Re: [Neo4j] Using EmbeddedGraphDatabase, possible to stop node caching eating ram?

2010-10-01 Thread Mattias Persson
2010/9/30 Garrett Barton garrett.bar...@gmail.com

 Thanks for the reply!

 Root nodes are found via:

 private Node getNewNode(NeoTypes entity) {
  Node n = graphDb.createNode();
  n.createRelationshipTp(getRootEntity(entity),entity);
 }

 private Node getRootNode(NeoTypes entity) {
  Node root = rootMap.get(entity);
  if(root == null) {
if(indexService.getSingleNode(eid,entity.toString()) != null )
  root = indexService.getSingleNode(eid,entity.toString());
else {
  Node entityNode = graphDb.createNode();
  entityNode.createRelationshipTo(graphdb.getReferenceNode(),entity);
  root = entitiyNode;
  indexService.index(root, eid,entity.toString());
}
rootMap.put(entity,root);
  }
 }

 Where rootMap = new HashMapNeoType,Node();
 Thus I create the root entity once, attach it to the referenceNode and
 the look it up via the rootMap. My loads are loading one entity at a
 time, which from what you said will single thread me since every
 relationship that attaches to one of my rootNodes (the same one per
 run) locks that node until the transaction completes.

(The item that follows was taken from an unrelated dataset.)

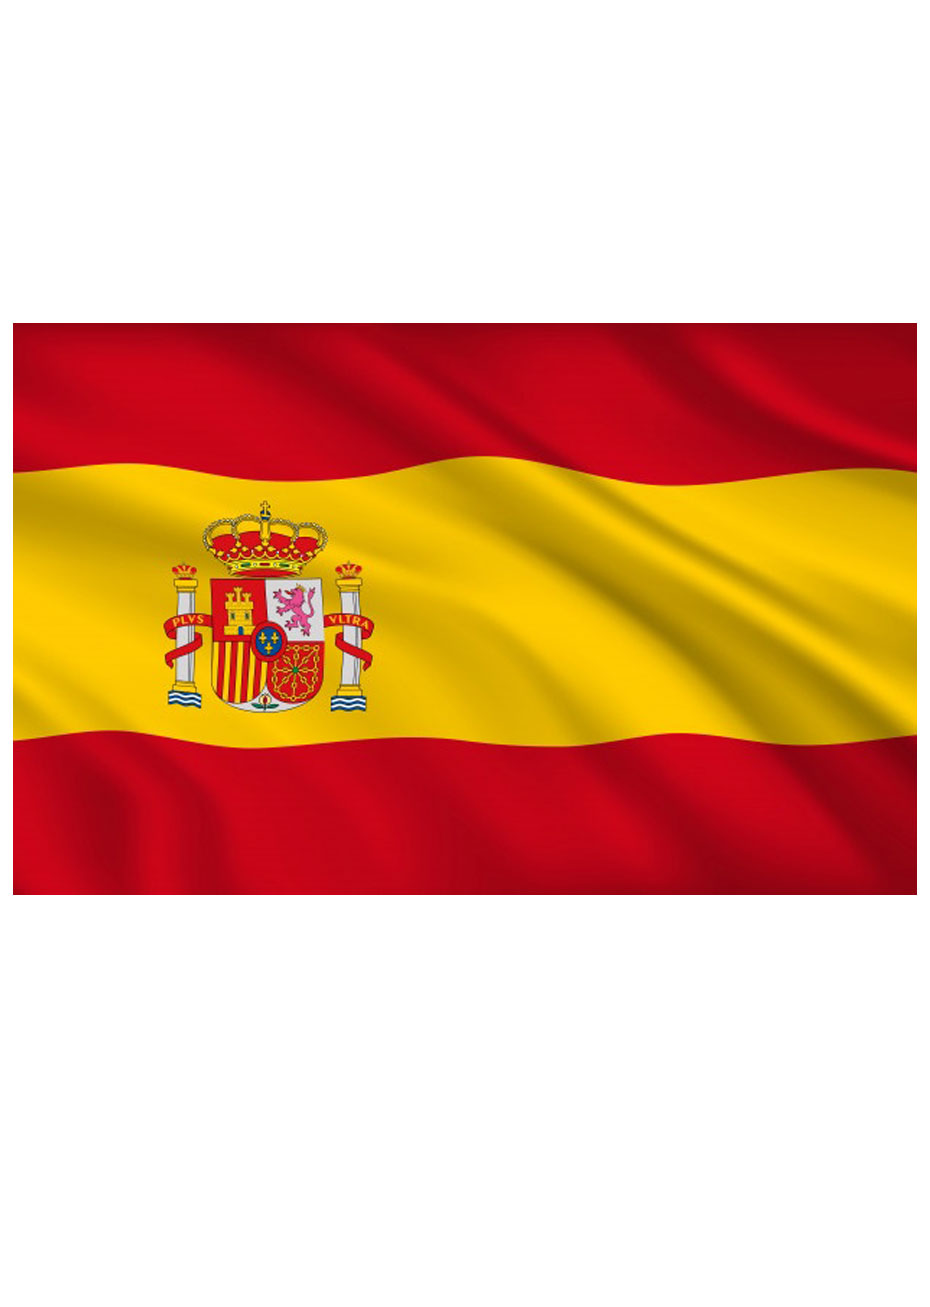 Décalcomanie Drapeau Espagnol - Espagne - Dimension au choix

 I was creating root nodes in order to provide entrypoints, but this
 may be undesireable now that I think about it since each root entity
 could easily have 500M nodes hanging off of it. Neo probably would not
 be able to operate through a traversal of that very well correct? If I
 remove this restriction and load nodes individually I should be able
 to thread out again. Only when I do the relationships will I
 occasionally run into locks, which I can try to mitigate with more
 threads and smaller transaction sizes (10k maybe?) Is there any
 documentation on what operations will take out a lock?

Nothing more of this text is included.